Hope Chicago Bears new quarterback Dan LeFevour's scouting report gave him high marks for holding a clip board.
With high end draft picks not always panning out for the Chicago Bears, they've gone a different route in recent years and traded away high draft picks for known NFL talent. The verdict on this approach is still out, but looks promising for now.
Coming into the 2010 NFL draft, the Chicago Bears were pretty much set as to what positions need to be filled; free safety, offensive guard and defensive backs all came to mind. With the Bears not having a pick until the third round, finding immediate impact players at need positions is tough, not impossible, but tough. So the Bears filled what they could, and in my opinion, drafted the best player available each time their number was called.
It’s pretty much a given that free safety was the Bears biggest hole to fill. Thus with the 75th overall pick, the Bears chose the best player at the free safety position available, Major Wright. The 5’11" 206 lb. Wright should challenge for a starting job as soon as training camp begins.
After free safety, the biggest position need varies a little bit. Though many would agree that a less than stellar offensive line needs to be re-tooled, some would argue that more pass rush and secondary help would serve this team better. Bears brass must have agreed with the latter.
Even though the Bears lost three defensive ends this off season (A. Brown, A. Ogunleye & G. Adams), they did gain maybe the best defensive end in the game, Julius Peppers. Still, losing three and gaining only one did not make end a position of need in Chicago. Youngsters Henry Melton and Jarron Gilbert are projected to pick up the pass rush slack, along with versatile veteran Israel Idonije and former starter Mark Anderson.

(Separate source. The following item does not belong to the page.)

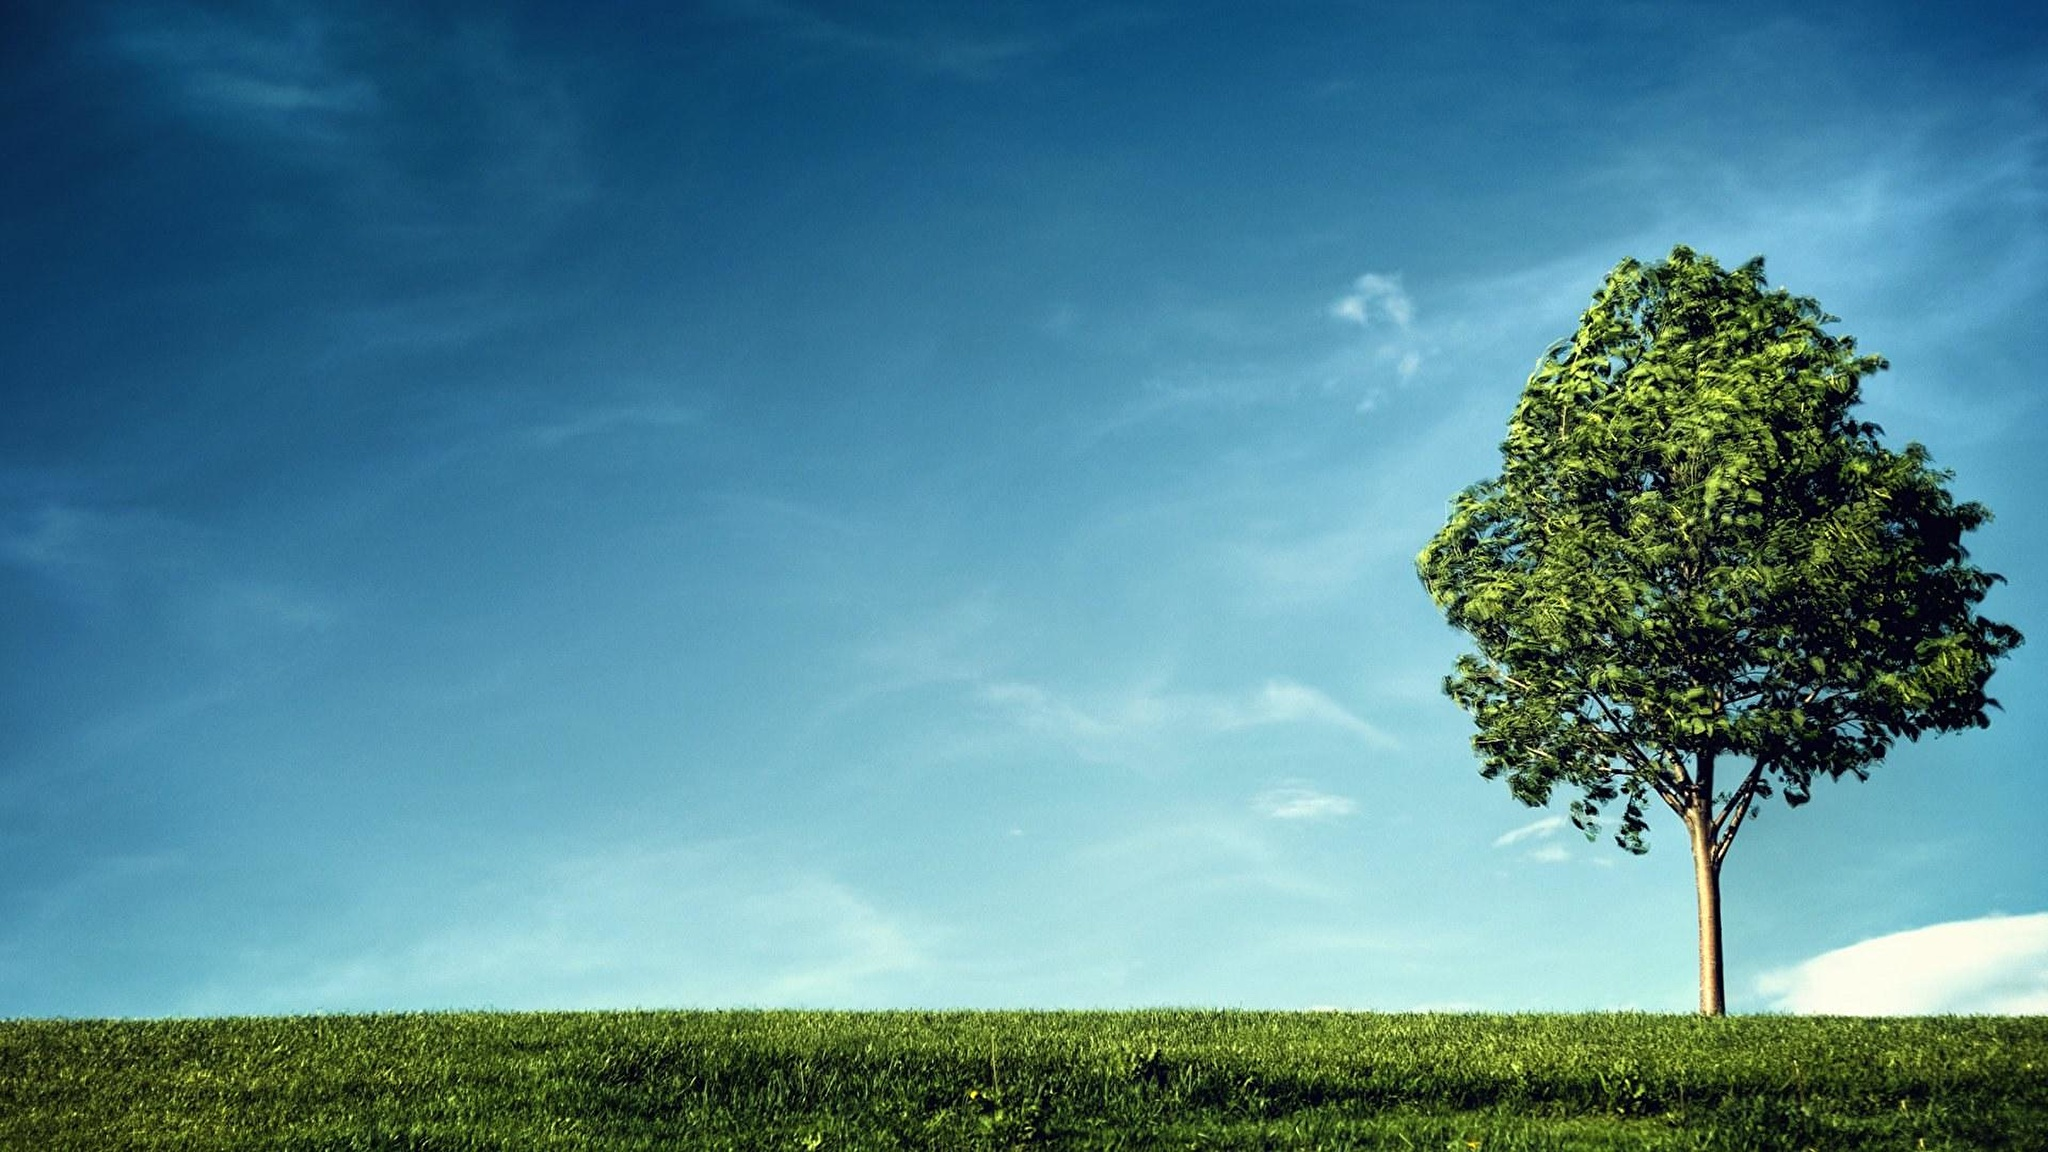 природа дерево трава пейзаж подборки

Nevertheless, when Northwestern defensive end Corey Wootton dropped all the way to the fourth round, the Bears felt that they could not pass on the pass rush specialist. A serious knee injury at the end of the 2008 season caused Wootton to have a sub-par ’09 season, hence his draft status dropped dramatically; otherwise the 6’6 versatile play maker was projected to go in the early rounds on this year’s draft.
If Wootton fully recovers from the ’08 knee injury, he could be one of the major steals in this draft. With rumors of Henry Melton falling out of favor in Chicago, and the guessing game that is Mark Anderson, maybe the Bears addressed a need while also taking the best player available.

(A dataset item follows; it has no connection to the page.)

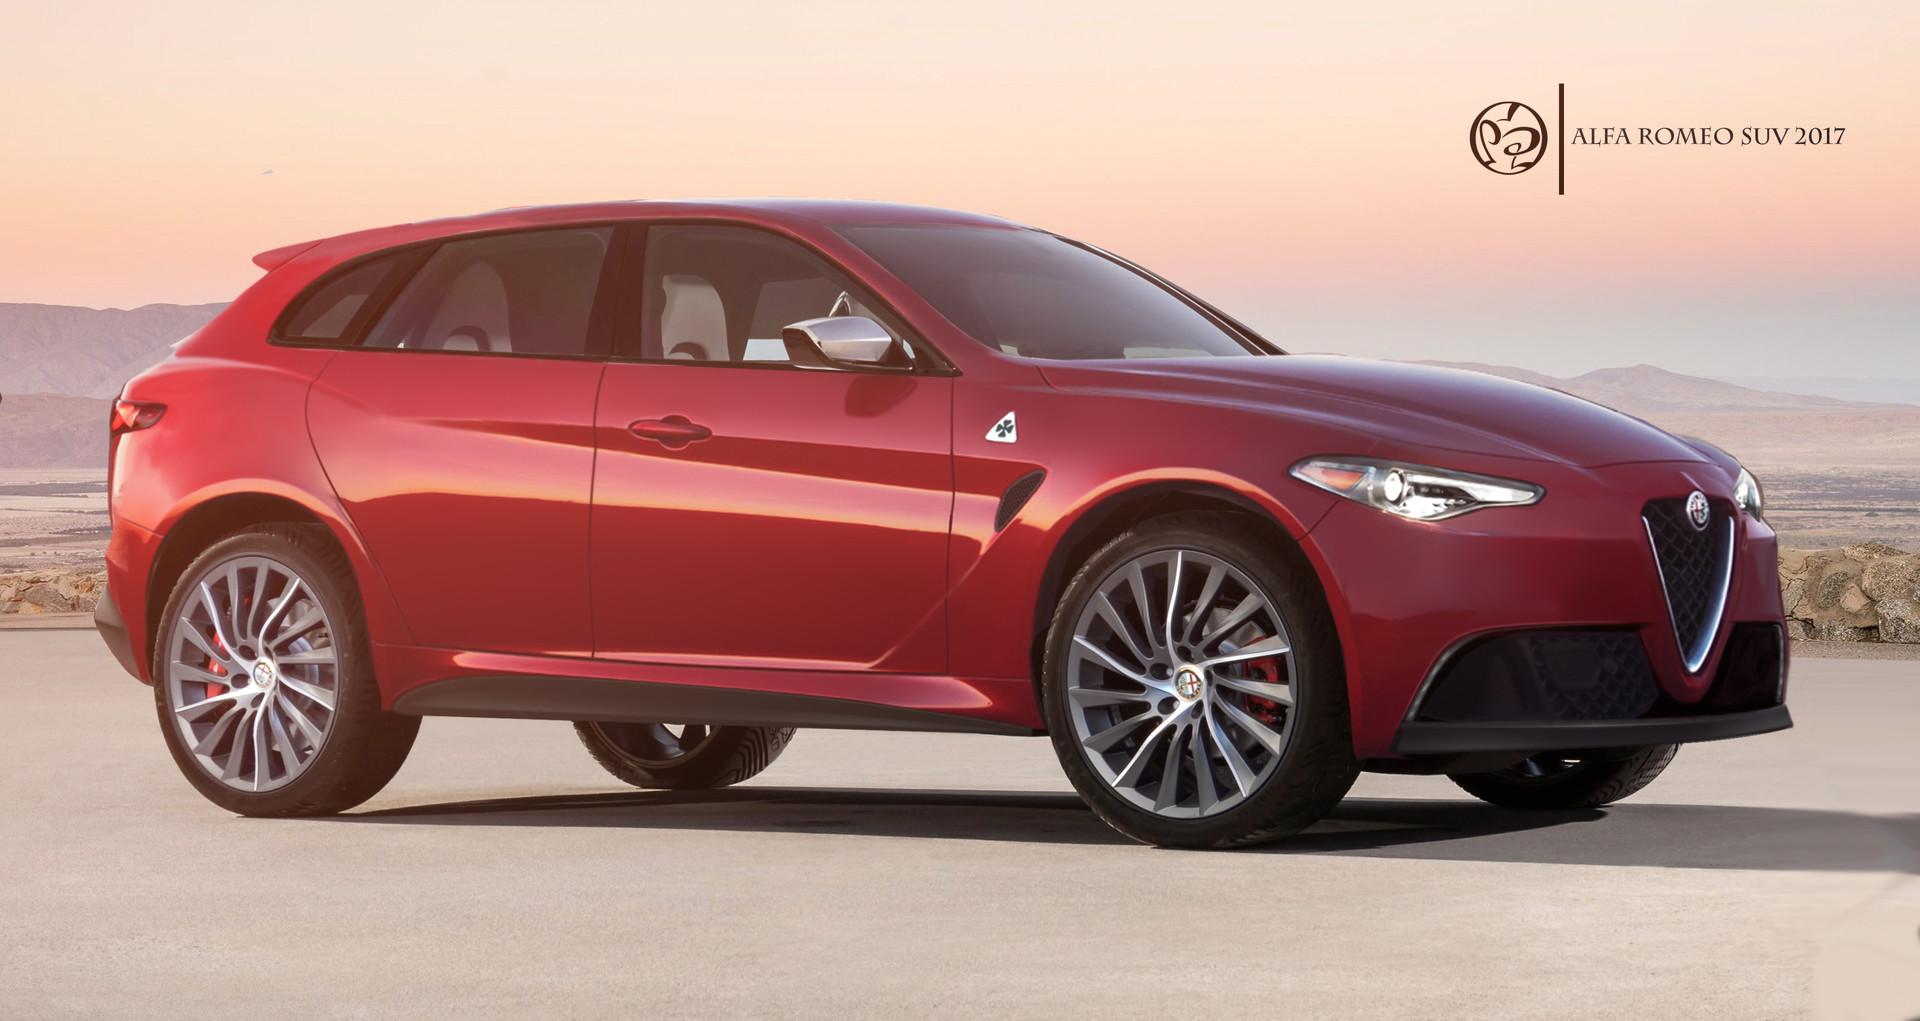 Psa Rt Alfa Romeo Suv 2017

The rest of the Bears 2010 draft looks similar; select the best player still on the board. With pick #141 the Bears chose who they felt was the best defensive back still available, Kansas St.’s Joshua Moore. Moore’s aggressiveness and ball hawking skills make him a perfect fit for the Bears Cover 2 scheme. His impact should be felt on special teams immediately.

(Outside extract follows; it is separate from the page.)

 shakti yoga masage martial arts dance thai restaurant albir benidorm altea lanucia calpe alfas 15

The Bears picking quarterback Dan LeFevour in the 6th round should prove the point that they were picking best player available. We all know that Jay Cutler is not going anywhere and should be the Bears starting play caller for the next 8-10 years. However, there is no clear cut back up to Cutler, and the way he took hits last year a dependable backup is a must. LeFevour was rated very highly by some draft experts and just like Wootton, it was a surprise to the Bears that he was still on the board when their selection came around. There is even talk surfacing that LeFevour could be worked in at wide receiver. With his talents as a quarterback, I think this is somewhat of a stretch.
So with four picks gone and only one left, the Bears finally addressed their offensive line by picking tackle J’Marcus Webb. Now, if picking a small school project in the seventh round is supposed to fix our offensive line issues, we are in trouble. Webb is big, 6’8" 328lbs, but lacks strength for his size. Even if he develops over the next couple of years under Bears o-line coach Mike Tice, he is still projected as a backup. If Webb can develop into a serviceable backup/special teams contributor, the Bears may have found a last round gem.
So with all five picks used up, the Bears still do not have a new offensive guard. They must like the development of last year’s seventh round pick Lance Louis or unproven Johan Asiata. There is always the dependable Josh Beekman or the possibility of signing recently released former Pro Bowler Alan Faneca. In a pinch, there is always the multifaceted Frank Omiyale who recently was penciled in at right tackle, but did start 12 games for the Bears at guard last season.
Not having any draft picks in the first two rounds the last two years, has made the Bears reach on some players. Besides receiver Johnny Knox, we are still waiting to see what our crop of late round picks from last year have to offer.
Jay Cutler and Julius Peppers' impact in Chicago will forever be judged against the Bears 2009 and 2010 drafts; my money and hopes are on Cutler and Peppers.